## Exercise
Each line of the material must be repeated precisely, with the pictures left out.

## Available data
BEGIN

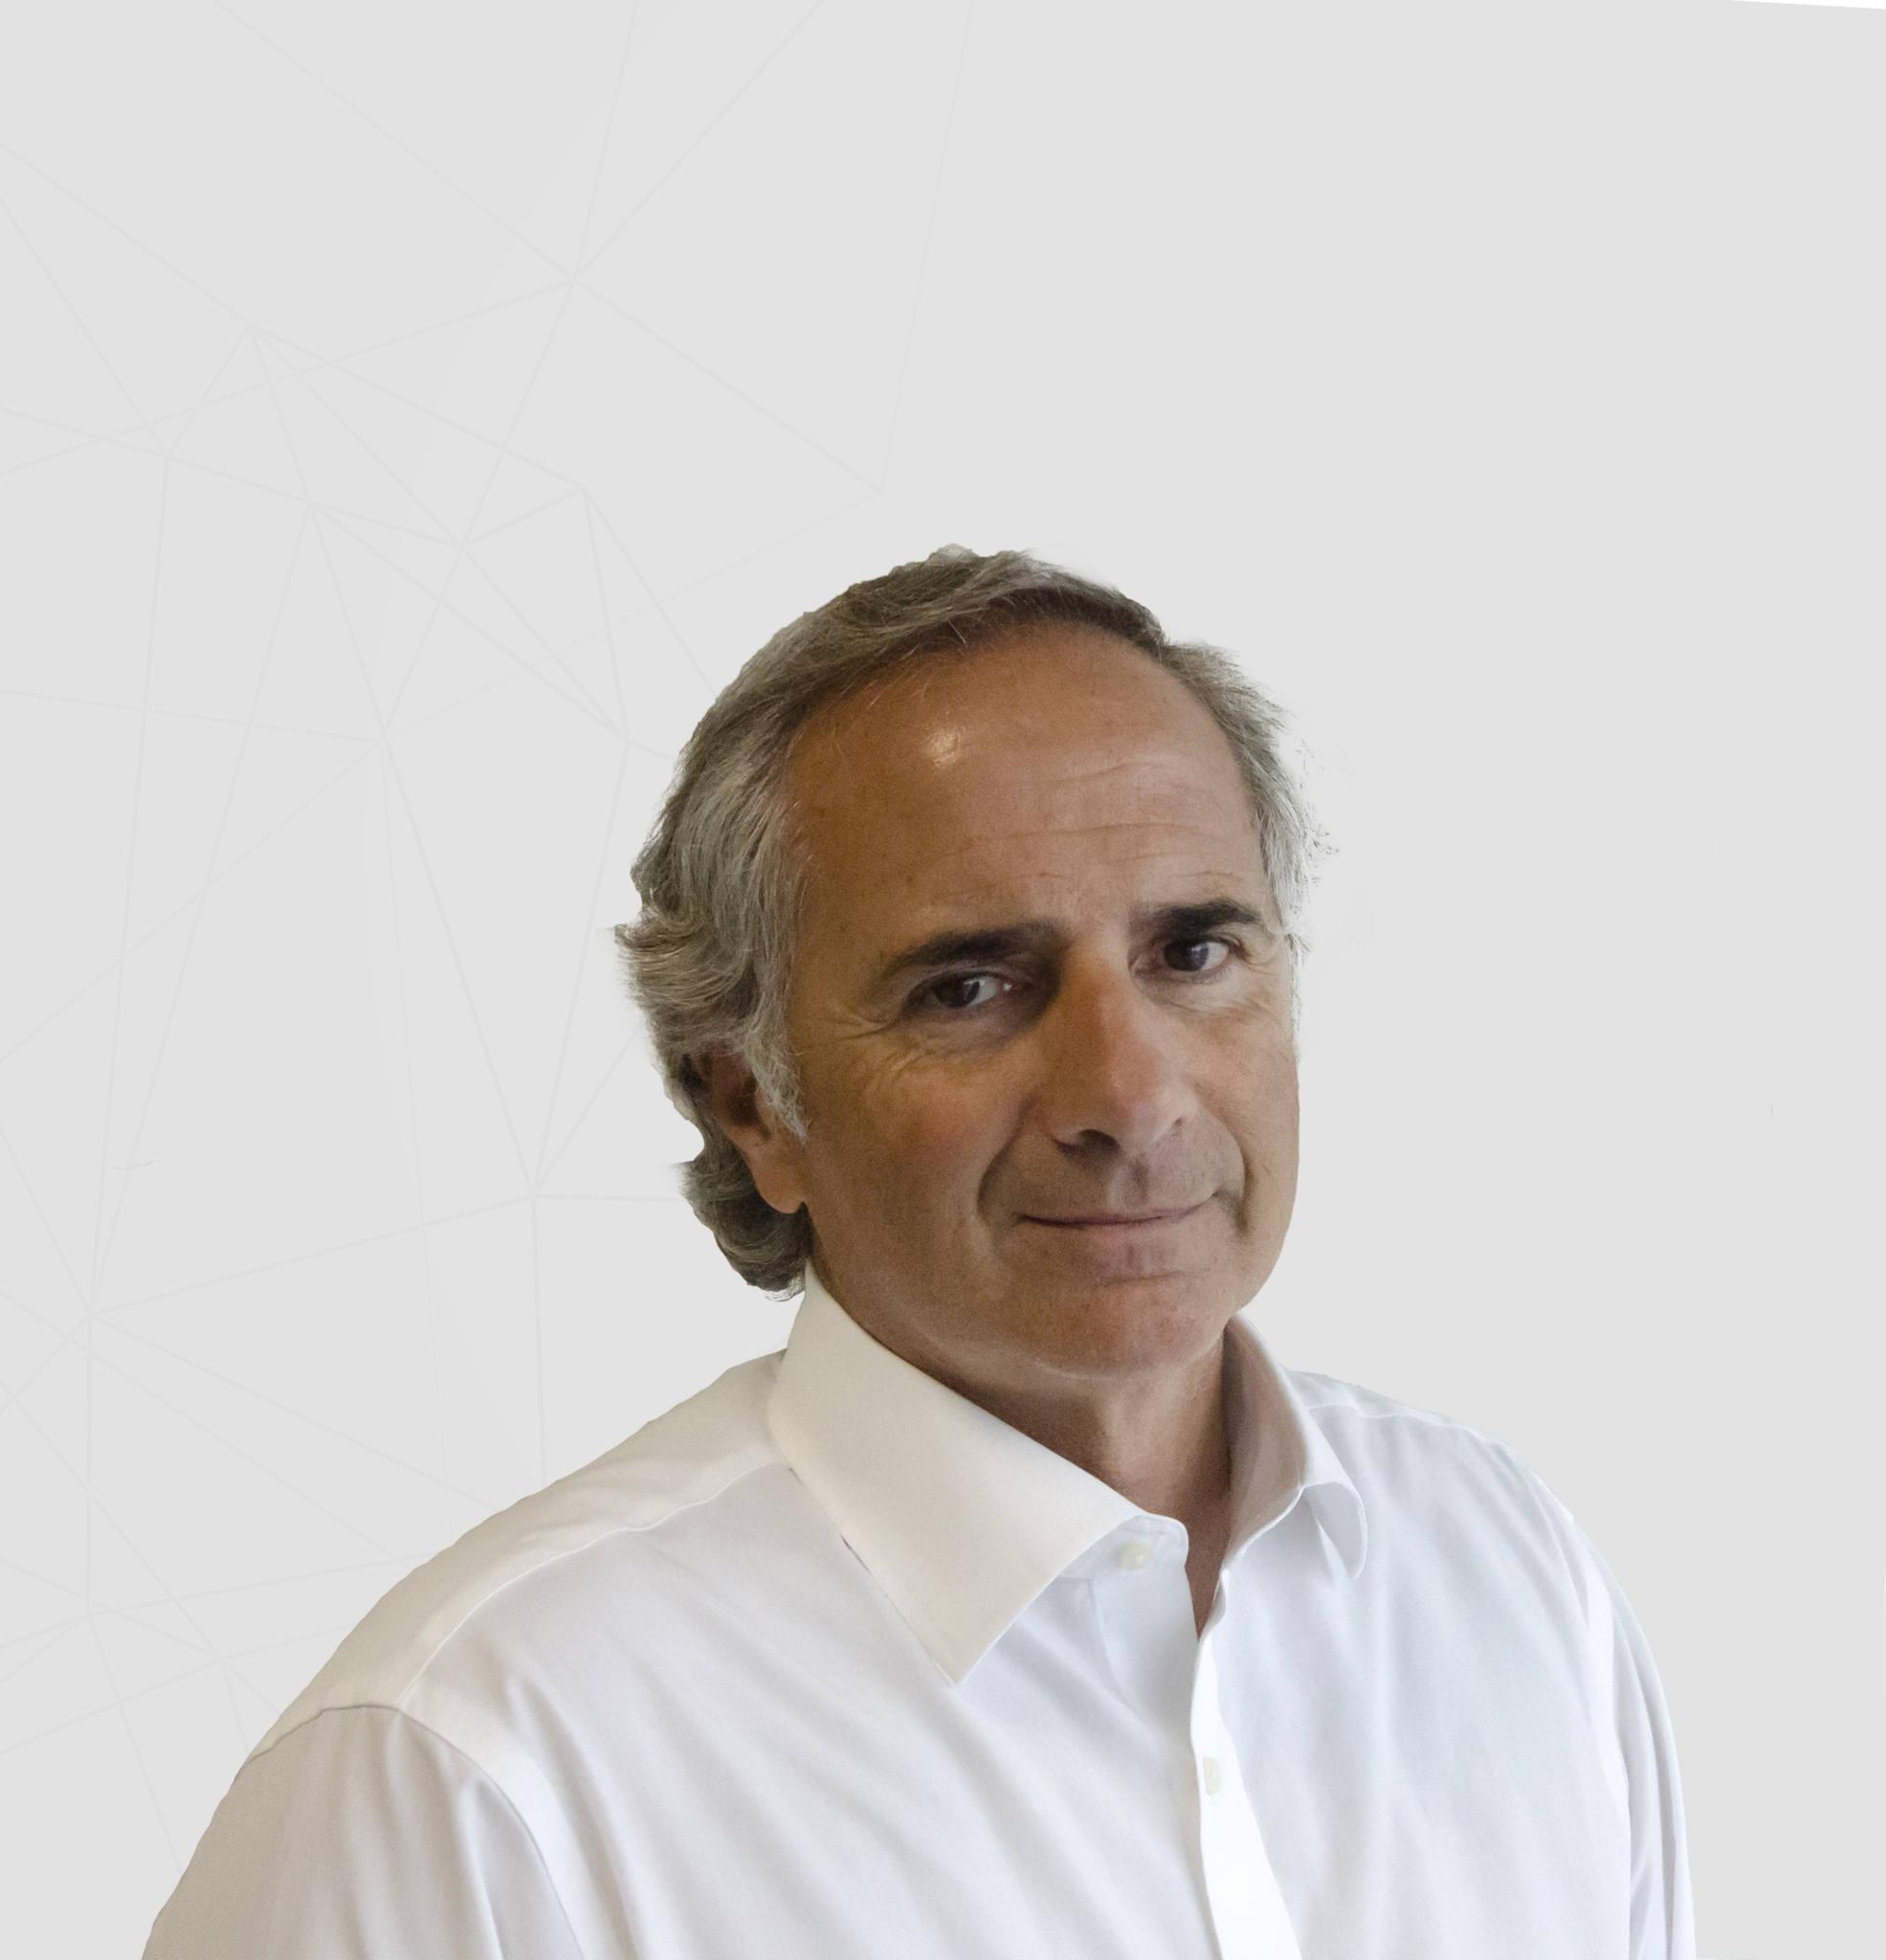 Iñigo J. Losada
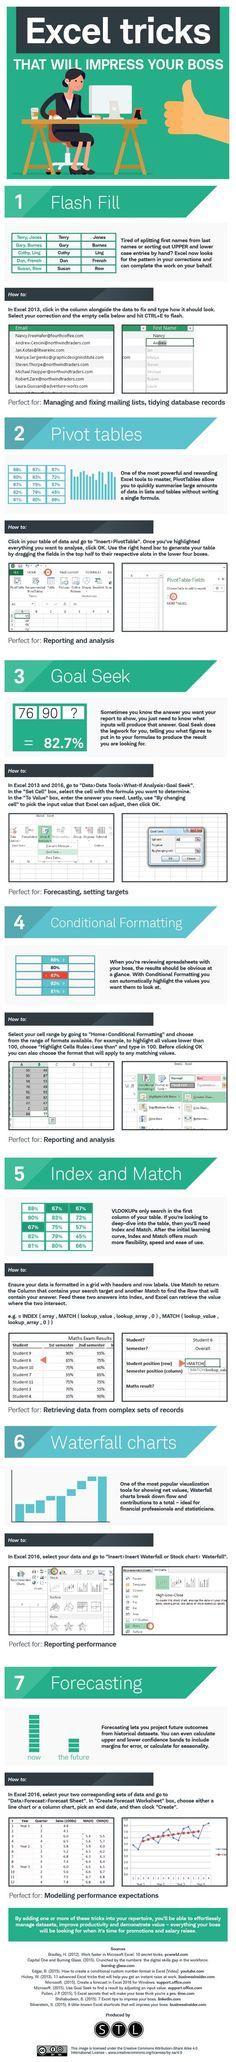 Beliebt Basic Excel Formulas Cheat Sheet | Excel Cheat Sheet - Download  DM38
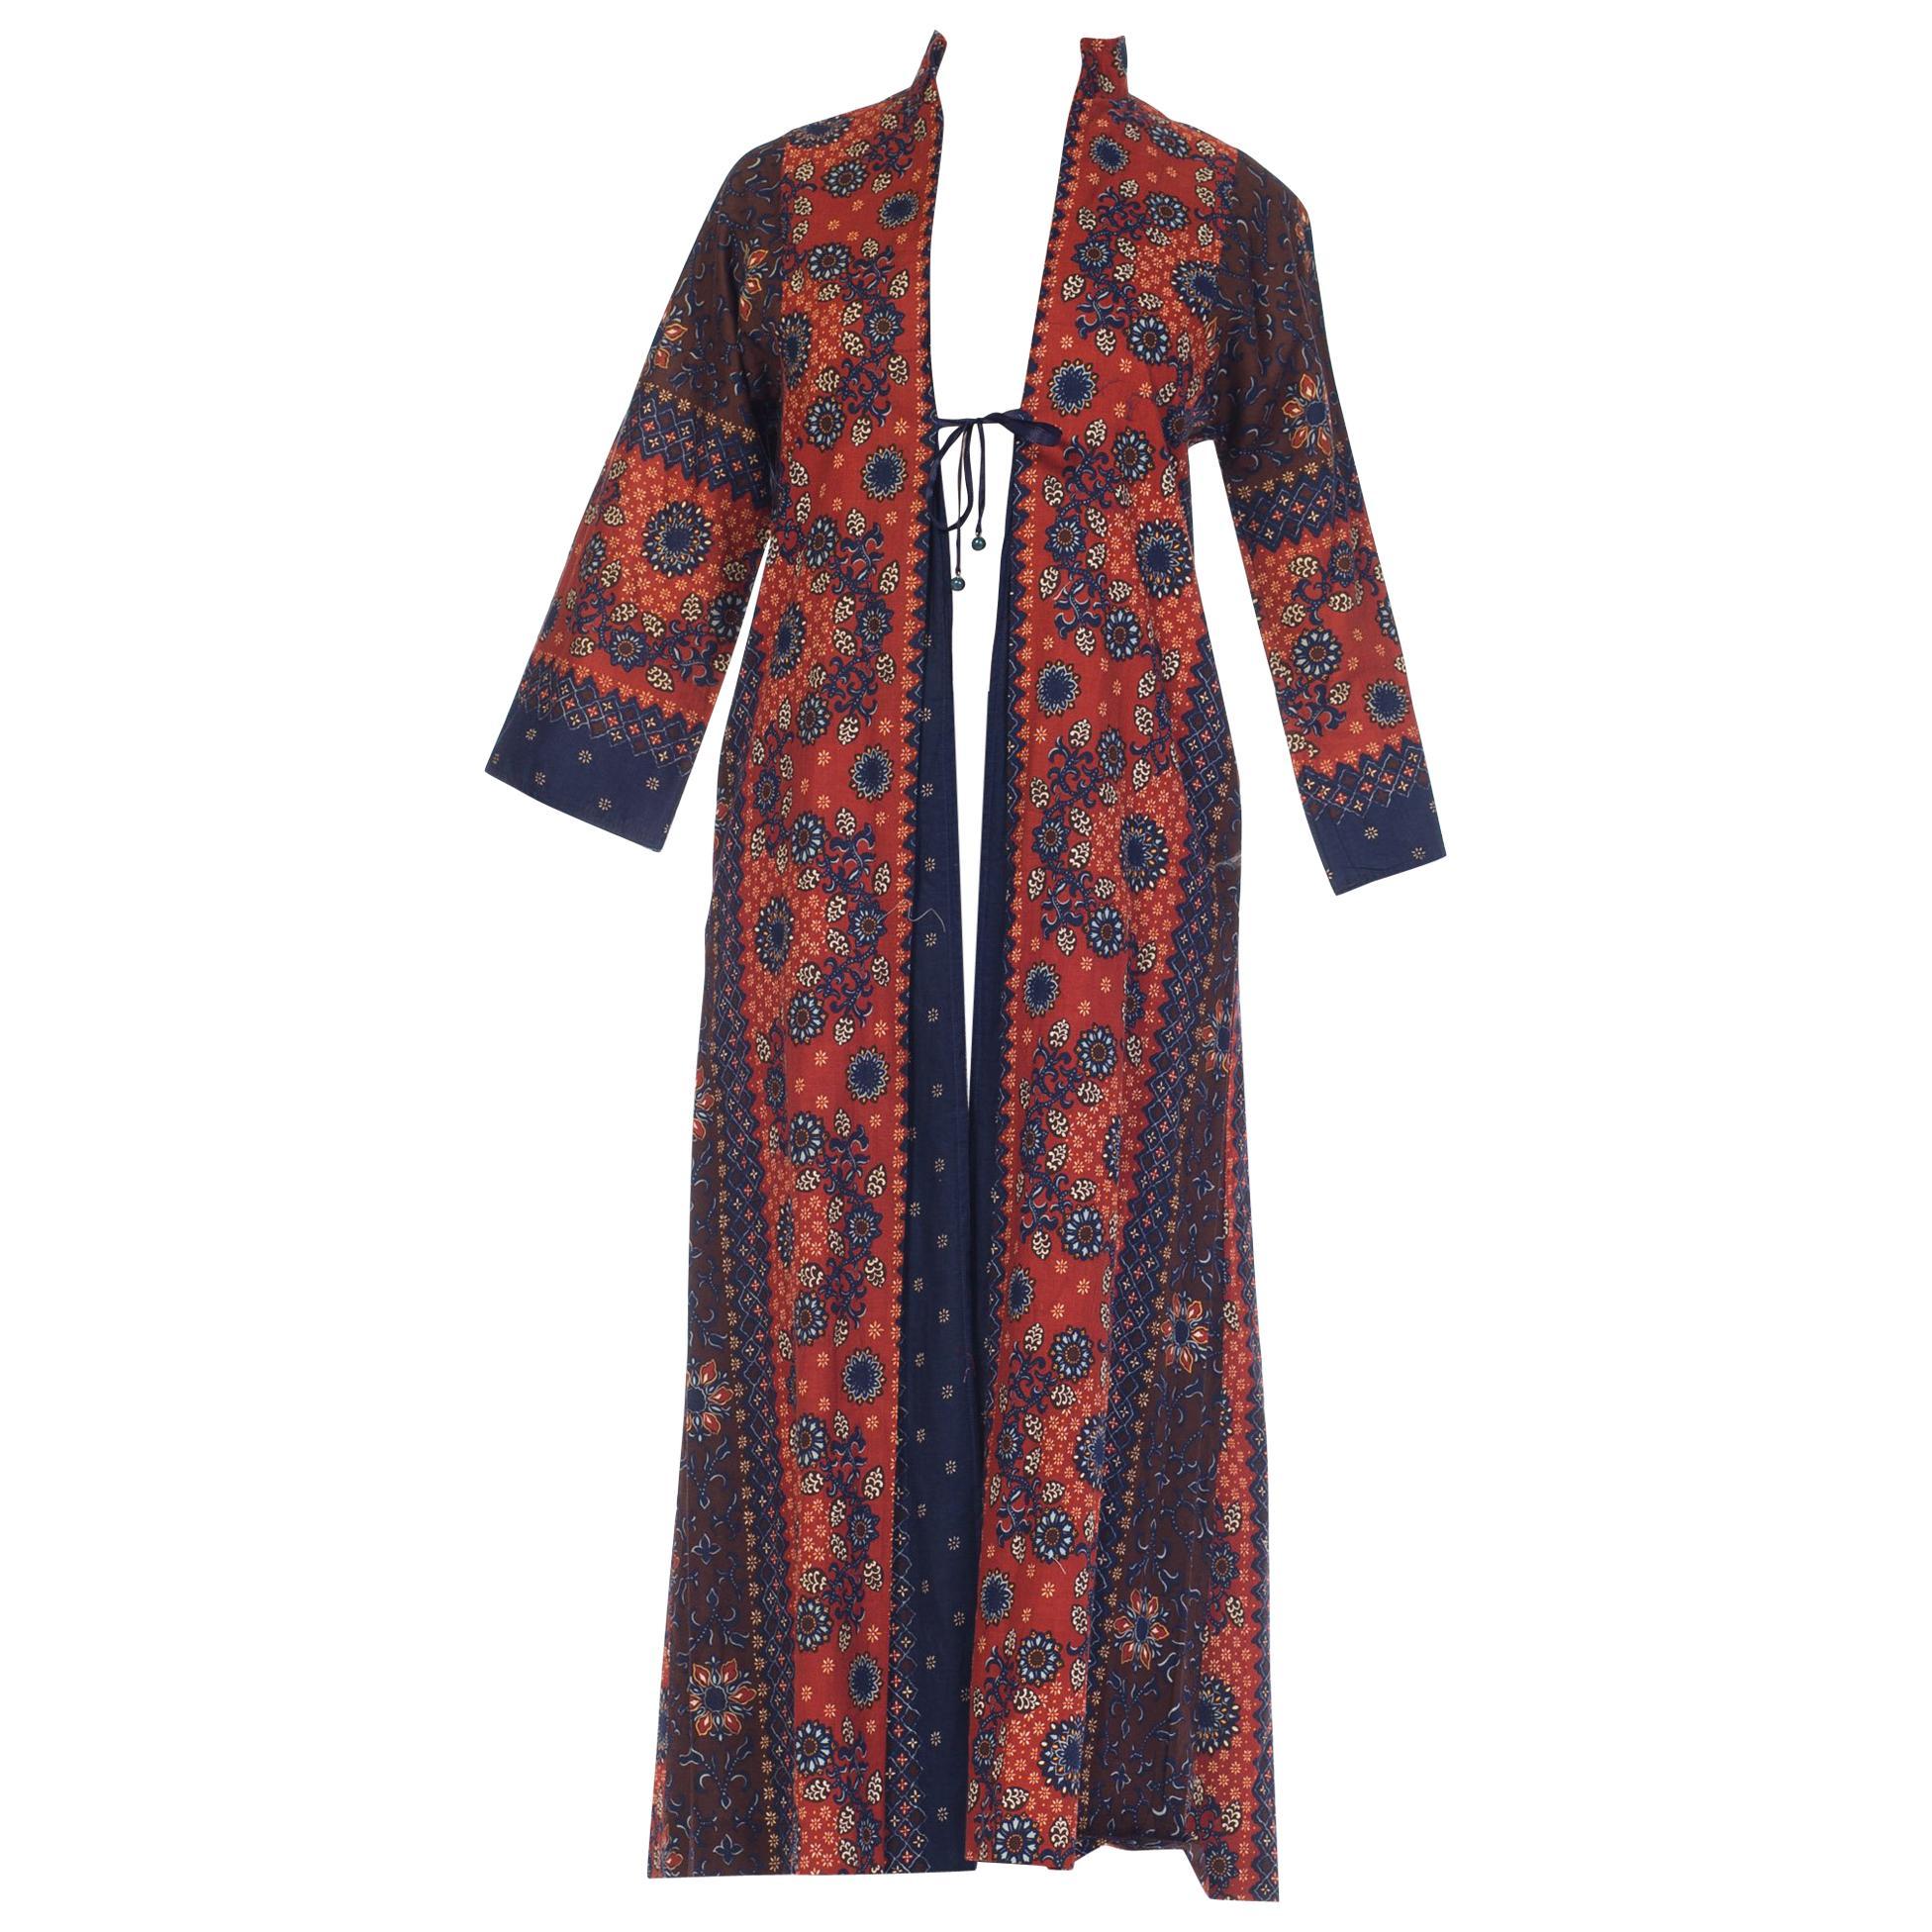 1970S I MAGNIN Brown & Blue Cotton South East Asian Batik Print Duster Kaftan
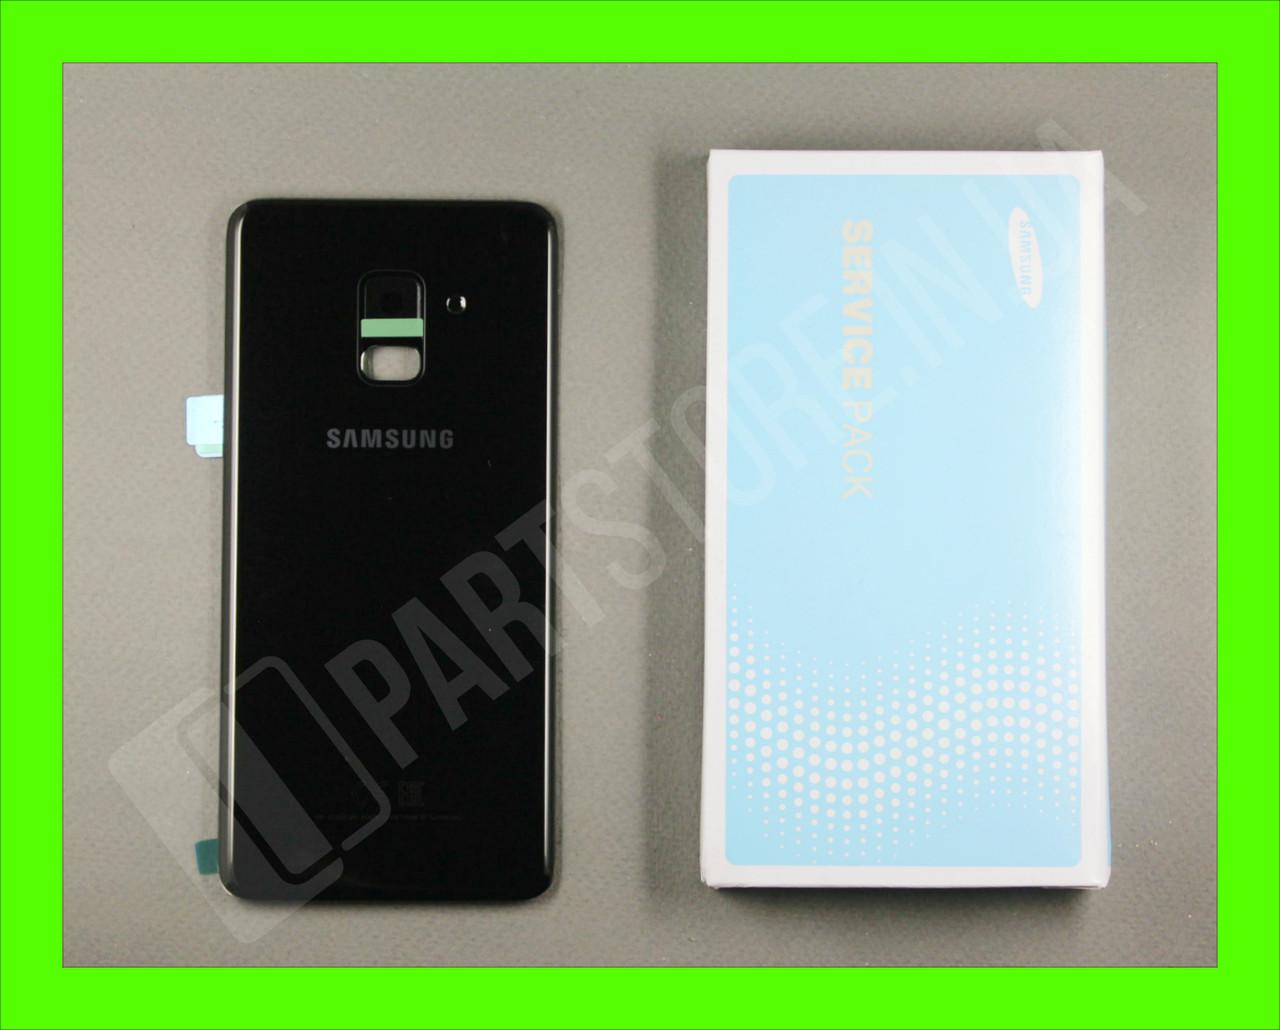 Cервисная оригинальная задняя Крышка Samsung A530 Black A8 2018 (GH82-15591A)

END

## Result
 Iñigo J. Losada
 Beliebt Basic Excel Formulas Cheat Sheet | Excel Cheat Sheet - Download  DM38
 1970S I MAGNIN Brown & Blue Cotton South East Asian Batik Print Duster Kaftan
 Cервисная оригинальная задняя Крышка Samsung A530 Black A8 2018 (GH82-15591A)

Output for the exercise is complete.